Un premier Teknival légal et jovial

Par Afp, le 02 mai 2003 à 11h51 , mis à jour le 02 mai 2003 à 22h02

Entre 10.000 et 20.000 personnes participent au festival de musique techno Teknival 2003 à Marigny-le-Grand, dans la Marne.

teknival © INTERNE

Les raveurs, venus en nombre, et les autorités présentes au premier festival de musique techno organisé en coordination avec le ministère de l'Intérieur sur l'ancien aérodrome de Marigny, cohabitaient en bonne intelligence. "C'est pas un vrai Tekos (Teknival, ndlr), mais on se marre bien", affirmait un "teufeur", surnommé Kious. La présence discrète des forces de l'ordre tout autour des lieux n'a découragé personne. Les possesseurs de "sons" s'avouaient soulagés de ne pas encourir le risque de se faire confisquer leur matériel. "C'est galère quand ça arrive, ça coûte trop cher. Là on est tranquille avec ça", confiait Jérôme.

Au contraire, la publicité faite à l'événement a attiré une foule, y compris de curieux, qui a dépassé les estimations des organisateurs. 10.000 à 20.000 personnes étaient sur place des les premières heures du Teknival, prévu jusqu'à dimanche soir, et le flot de véhicules était ininterrompu.

A l'intérieur, aucune animosité. Le ministre de l'Intérieur Nicolas Sarkozy était gentiment caricaturé sur une toile blanche. Mais plutôt que de mettre l'accent sur son dialogue avec le mouvement techno, les jeunes "teufeurs" préférent critiquer "l'Etat policier".

Gendarmes et amateurs de techno se sont en fait peu croisés. 330 hommes patrouillaient jeudi soir dans un rayon d'une trentaine de kilomètres autour de l'événement, pour quelques contrôles d'alcoolémie, des inspections de véhicules par des chiens renifleurs, et la régulation de la circulation.

Un mur de paille

Au coeur du Teknival, aucun képi n'est visible, en vertu de l'accord entre organisateurs et autorités. Certains jeunes s'y livrent au trafic d'ecstasy ou de cannabis avec une discrétion toute relative.

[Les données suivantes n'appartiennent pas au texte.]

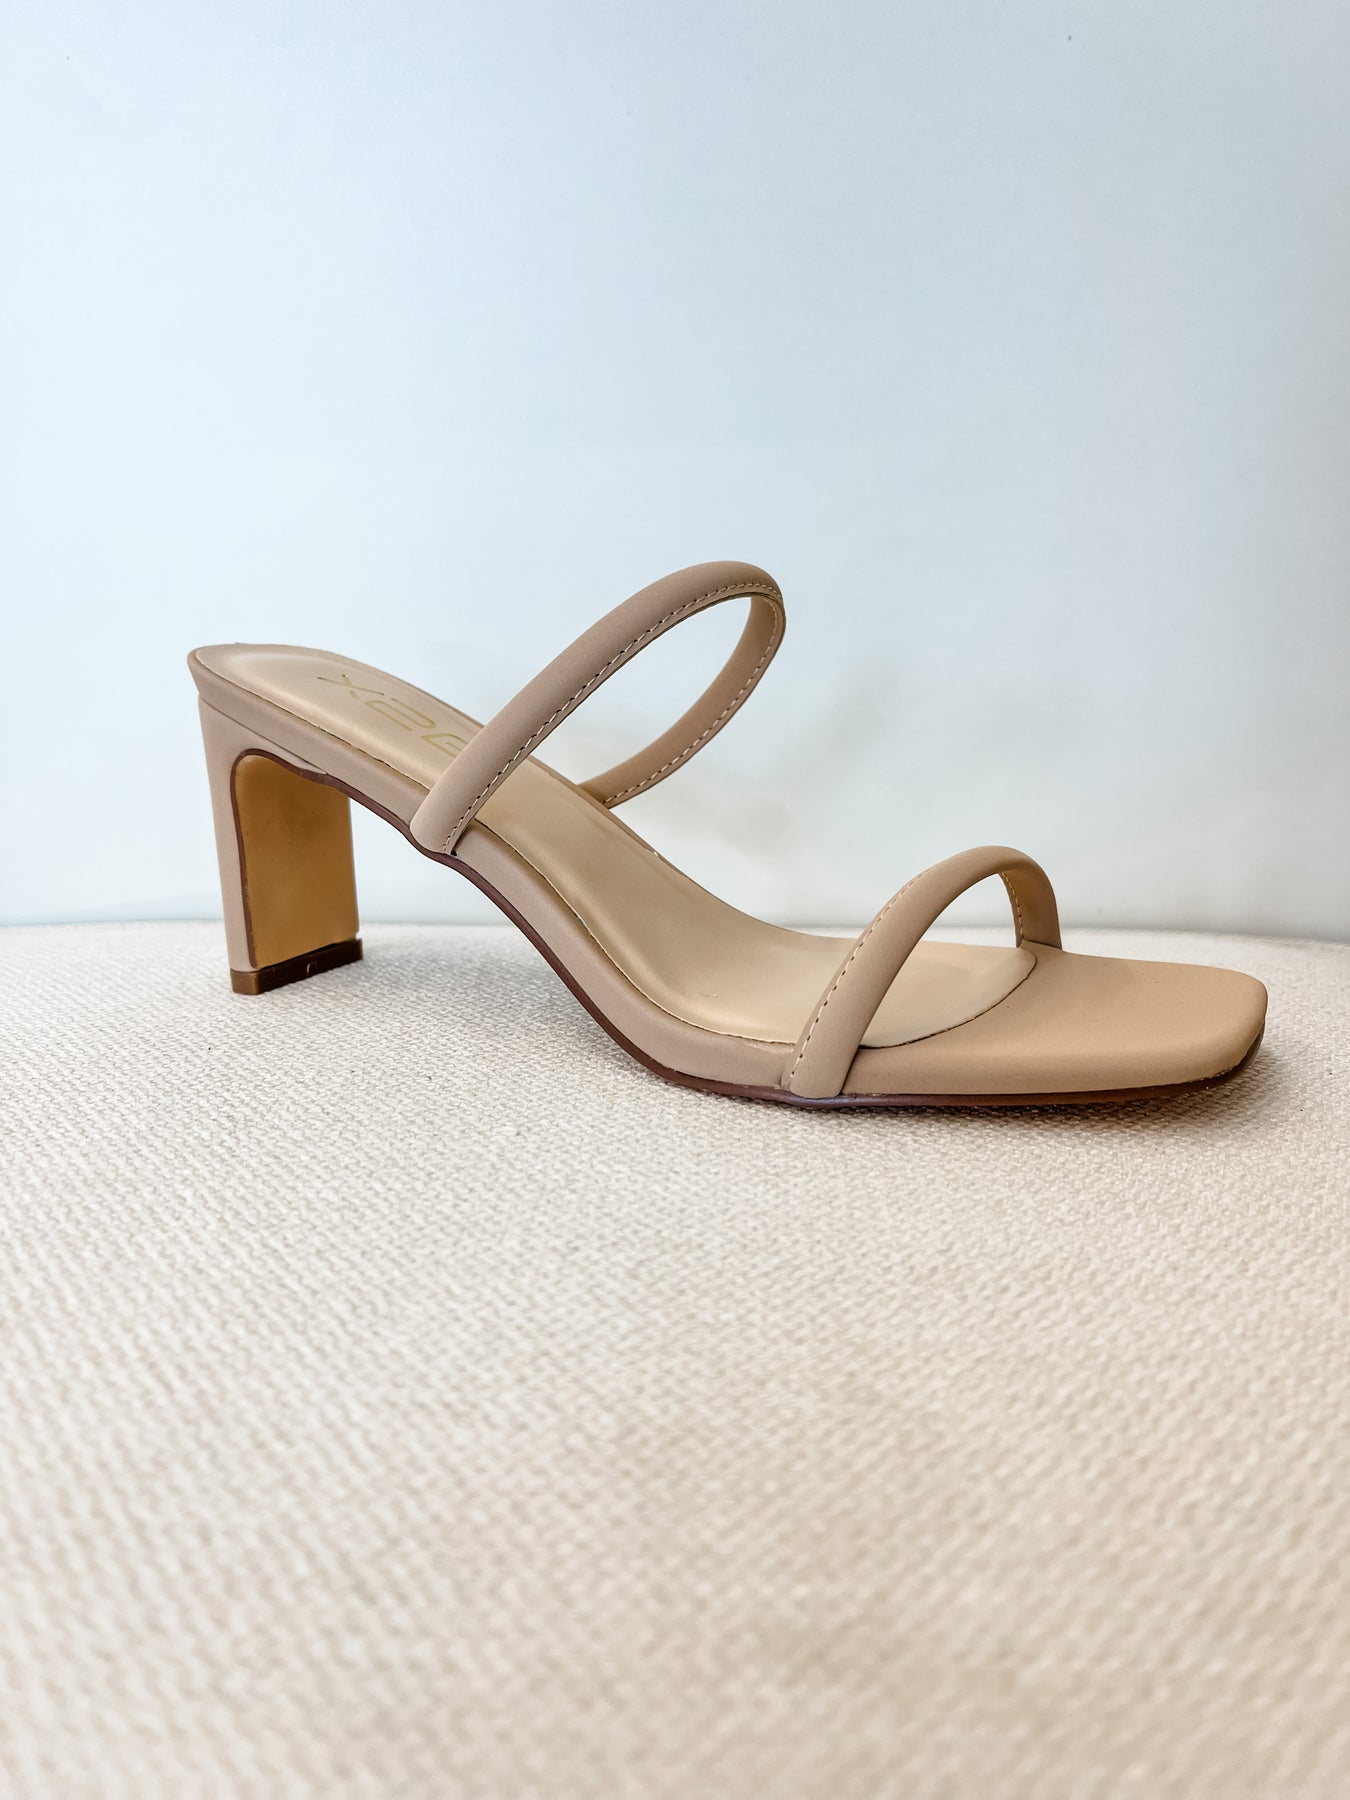 Metallic Thin Strap Stiletto Heeled Sandals | SHEIN IN

Installées dans leur PC sécurité à environ 500 mètres en retrait du Teknival, les autorités (préfecture, gendarmerie, pompiers, Sécurité civile) se sont abritées de la musique derrière un ingénieux mur de paille. Il mesure plus de 3 mètres de haut et étouffe les battements incessants de la techno.

Le folklore des raveurs fait tantôt bondir, tantôt sourire les pompiers qui patrouillent en jeep au milieu de la foule. Ce sont les boutiques d'artisanat, les images psychédéliques projetées sur écrans, les jongleurs de feu, les décors de tags.

"Il faut faire attention, avec leur musique ils n'entendent même pas le bruit du moteur", explique le conducteur. Et encore moins les commentaires qui fusent. "Ah les tronches!", s'exclame un jeune pompier. "Il y a énormément de chiens dangereux, des première catégorie qui se baladent sans muselière. C'est pas du chihuahua", selon un autre. "Ils ont leur mixture dans leur bouteille en plastique. C'est du chargé", affirme un troisième. Il y a ces foules qui arpentent le tarmac, et puis il y a ceux qui dansent. Sur plus d'un kilomètre, les battements se mêlent avec un rythme implacable.